Risk Adjustment Variables
Standard ACS-NSQIP variables (patient demographics, comorbidities, and laboratory values) and thyroidectomy-specific variables were considered for risk adjustment. Thyroidectomy-specific variables included operative indication (single nodule or neoplasm, multinodular goiter, Graves disease, differentiated malignant tumor, poorly differentiated malignant tumor, other malignant tumor, or other indication), presence of thyrotoxicosis, and prior anterior neck surgery.

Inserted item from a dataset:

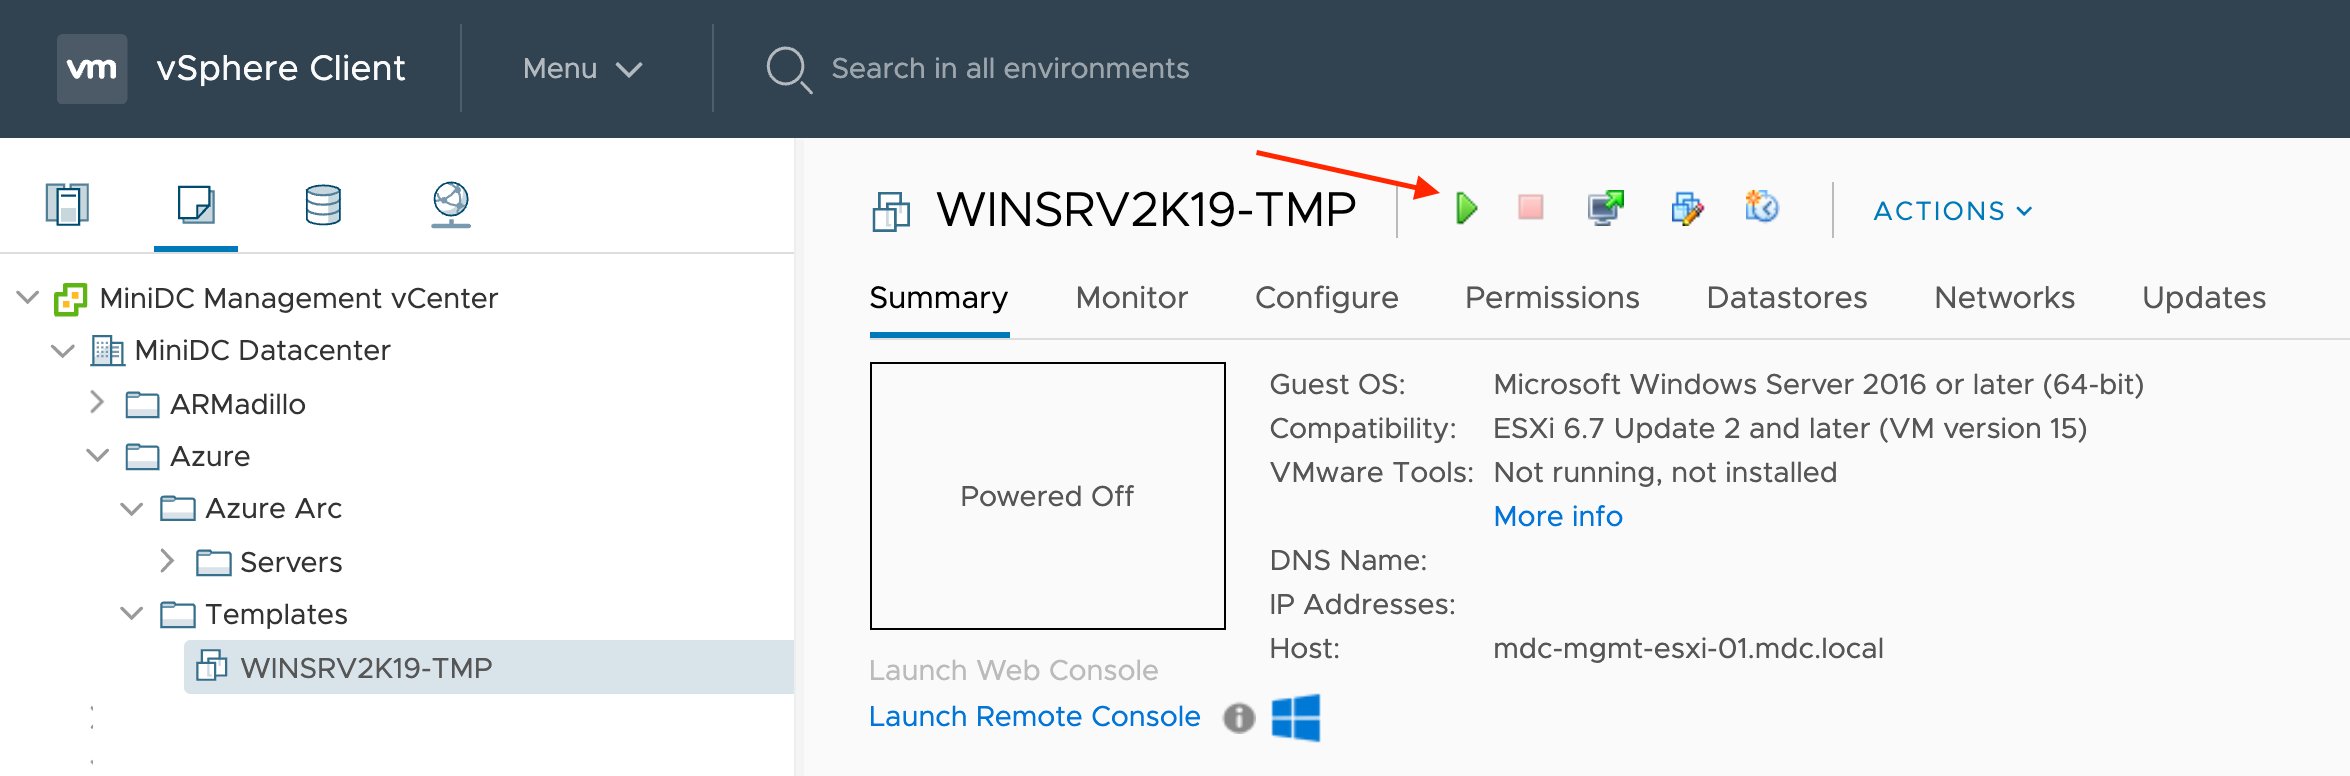 Screenshot of the Windows Server run button in the vSphere client.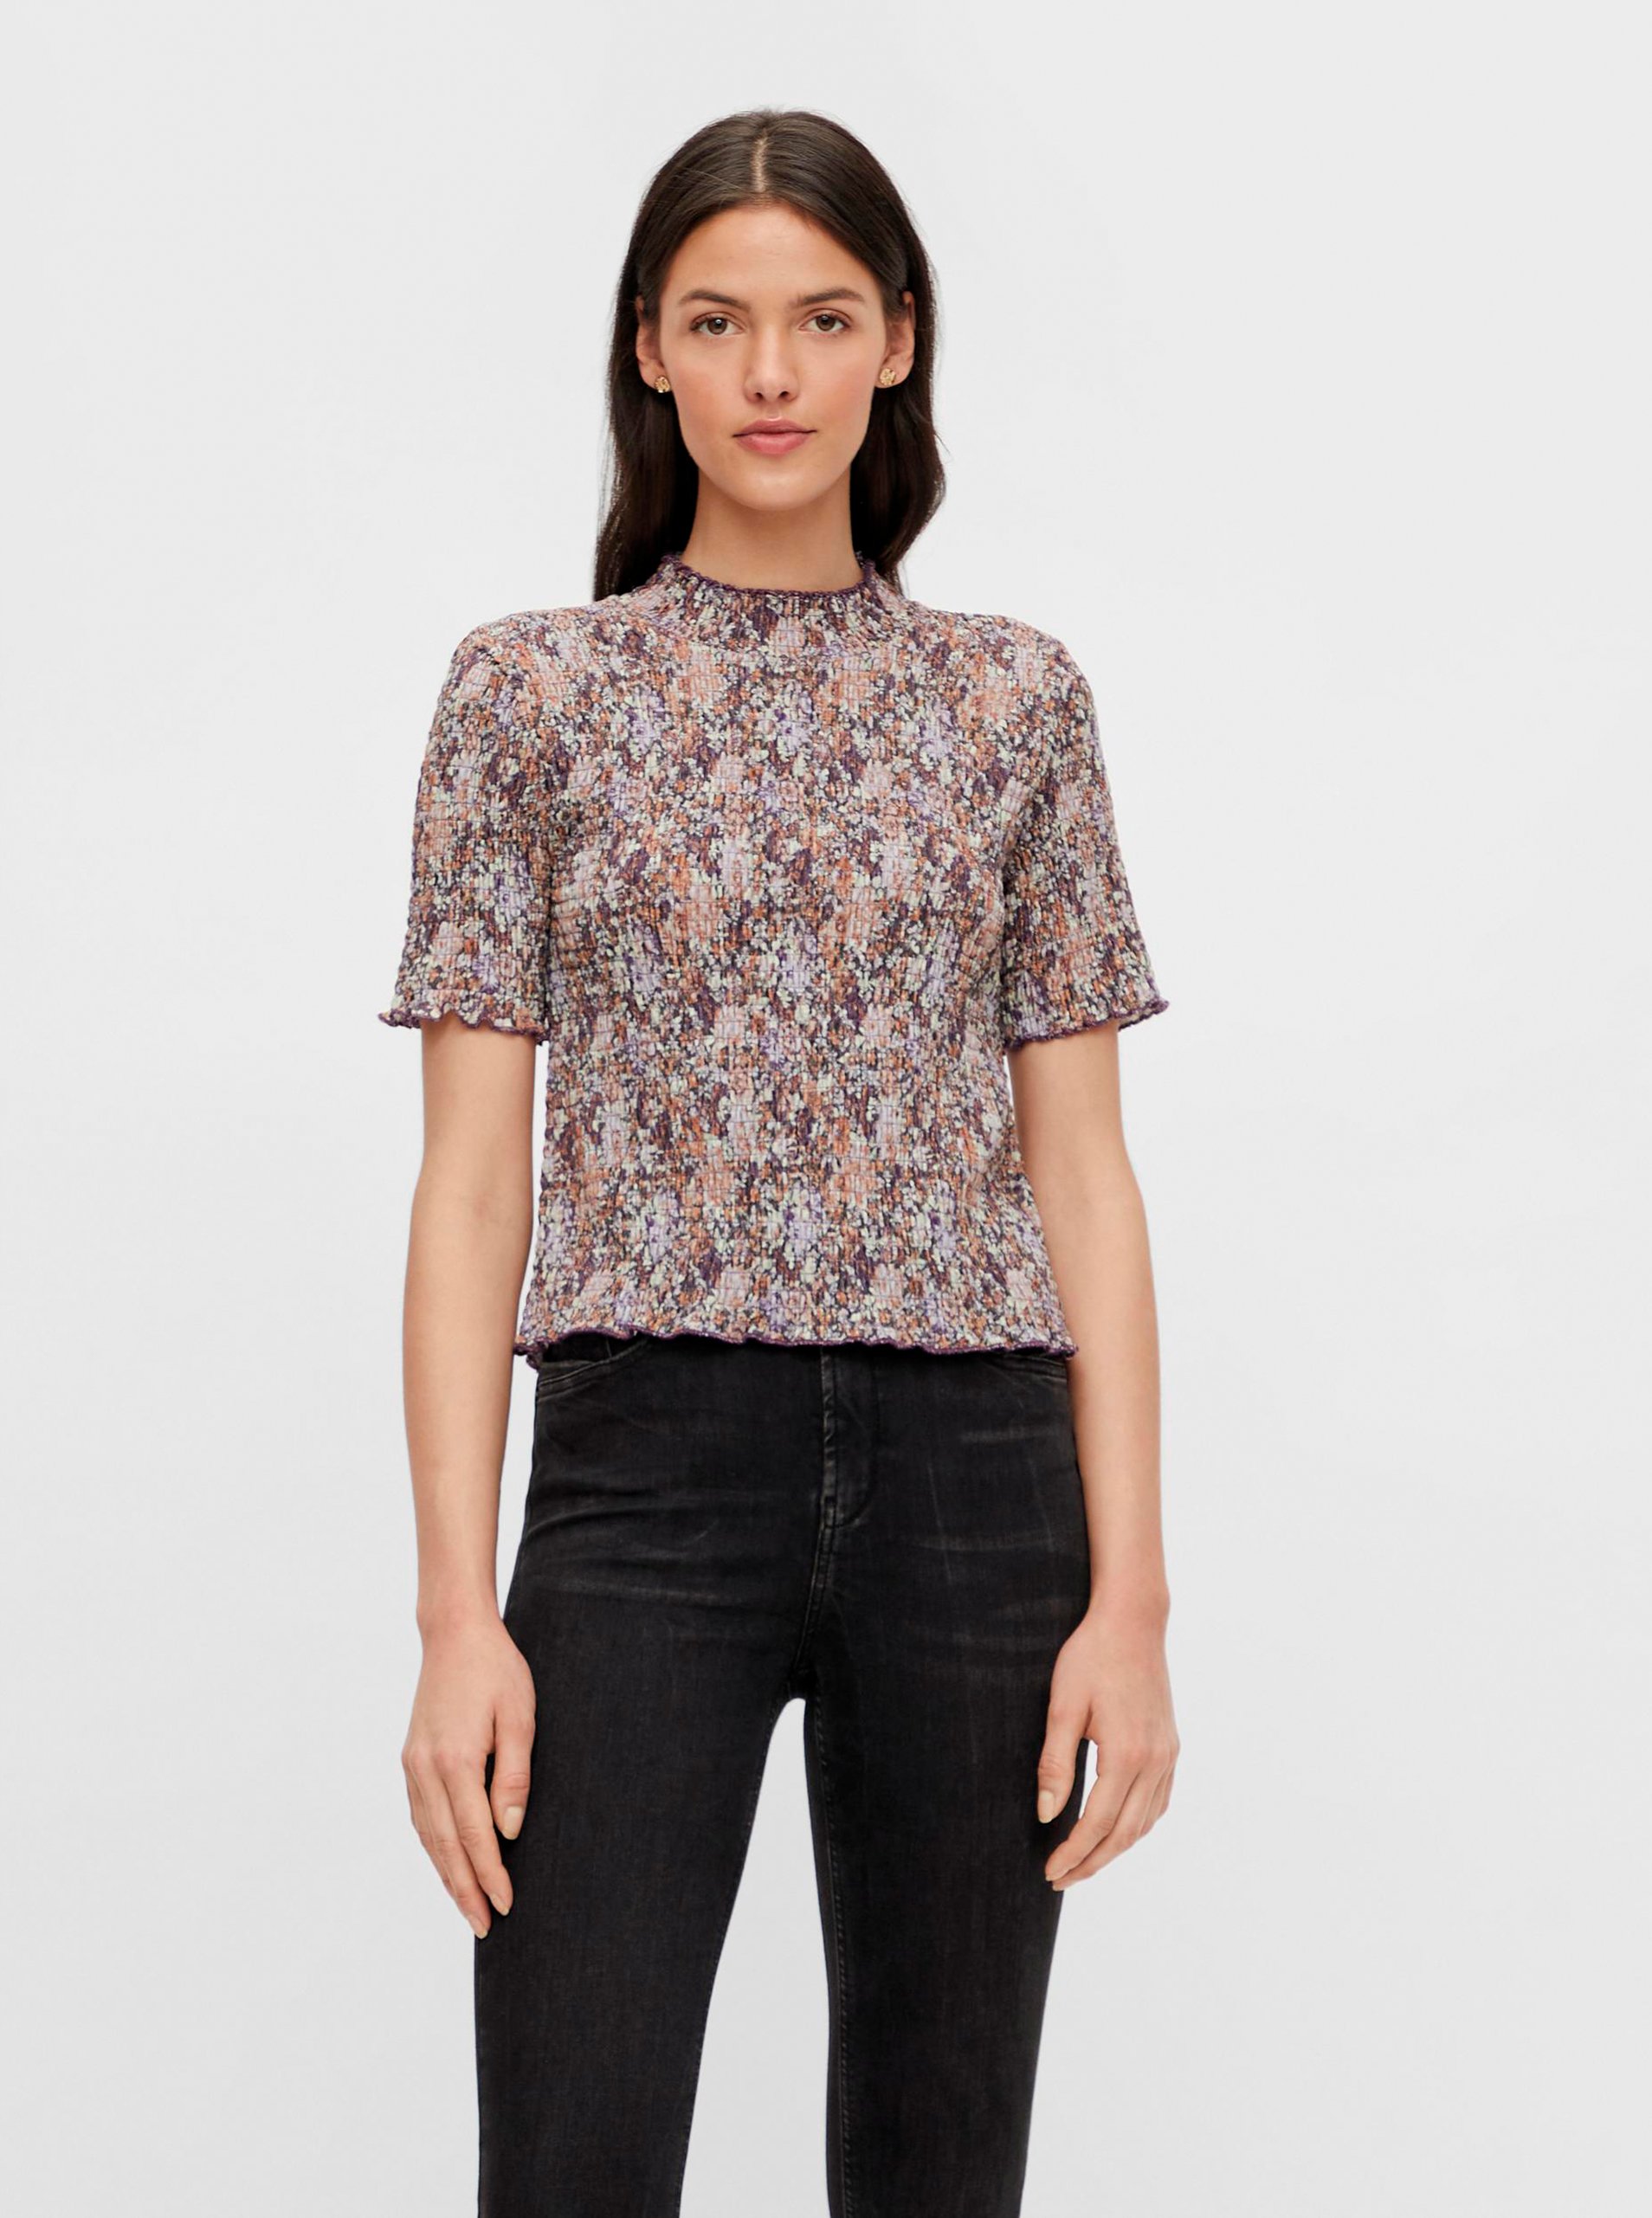 Brown Patterned Blouse Pieces Leaste - Women's

Available intraoperative and postoperative information was also considered: whether an alternative exposure approach (eg, robotic) was used, whether a central neck dissection was performed, and whether parathyroid autotransplantation was performed. For malignant tumors, multifocality (multifocal and unilateral, multifocal and bilateral) and American Joint Committee on Cancer’s Cancer Staging Manual, seventh edition, pathologic TNM classification were incorporated.
Thyroidectomy-Specific Processes of Care
Because care processes might reflect differences in hospital performance, they were not considered for risk adjustment. Instead, 7 thyroidectomy-specific care processes were examined to generate hypotheses about whether their use was associated with hospital performance differences: (1) preoperative needle biopsy performed, (2) an energy device (eg, LigaSure, Harmonic) used, (3) IONM used, (4) surgical drain placed, (5) serum calcium or (6) PTH levels measured before discharge, and (7) patient given oral calcium or vitamin D replacement during the hospital stay or discharged with these medications.
Statistical Analysis
Continuous variables were compared using the 2-tailed, unpaired t test. Pearson χ2 test for association or Fisher exact test was used to compare categorical variables, when appropriate. In accordance with standard ACS-NSQIP processes, missing data were imputed using maximum likelihood estimation. Operations missing thyroidectomy-specific outcomes were excluded from analyses. All tests of statistical significance were 2-sided with α = .05. SAS statistical software, version 9.4 (SAS Institute Inc) was used.
First, to assess whether hospital performance varied by thyroidectomy-specific outcomes, mixed effects regression models were constructed for each outcome using previously reported methods, whereby hospitals acted as random intercepts and risk adjustment variables as fixed effects. A forward selection process with entry set at P < .05 determined the optimal variables with the greatest amount of explanatory power for risk adjustment; both thyroidectomy-specific and standard ACS-NSQIP variables were available for selection. Odds ratios (ORs) with 95% CIs then were generated for each hospital, representing that hospital’s performance relative to the statistically estimated average hospital performing thyroidectomies on the same types of patients. If both the lower and upper bounds of the CIs were less than 1.0, hospitals were better than average. If both the lower and upper bounds of the CIs were greater than 1.0, hospitals were worse than average. The Wald test for the covariance matrix was interpreted to determine whether statistically significant variability existed among hospitals (ie, whether the outcome could theoretically be used to profile hospitals).
Second, to assess whether hospital performance on thyroidectomy-specific outcomes are affected by the addition of thyroidectomy-specific variables to standard ACS-NSQIP variables for risk adjustment compared with using standard ACS-NSQIP variables alone for risk adjustment, the aforementioned analyses were repeated but with only the standard ACS-NSQIP variables available in the forward selection process. Changes in hospital performance attributable to the availability of thyroidectomy-specific variables for risk adjustment were then assessed in 3 ways. First, hospital rankings for each outcome when thyroidectomy-specific variables were and were not available for risk adjustment were plotted. Pearson correlation coefficient was computed to reflect the change in hospital performance attributable to the inclusion of thyroidectomy-specific variables for risk adjustment. Second, changes in hospital outlier status for each outcome when thyroidectomy-specific variables were and were not available for risk adjustment were assessed using the Cohen weighted κ. Model fit statistics (C statistic, Hosmer-Lemeshow goodness of fit test, and Brier score) were computed and visually compared.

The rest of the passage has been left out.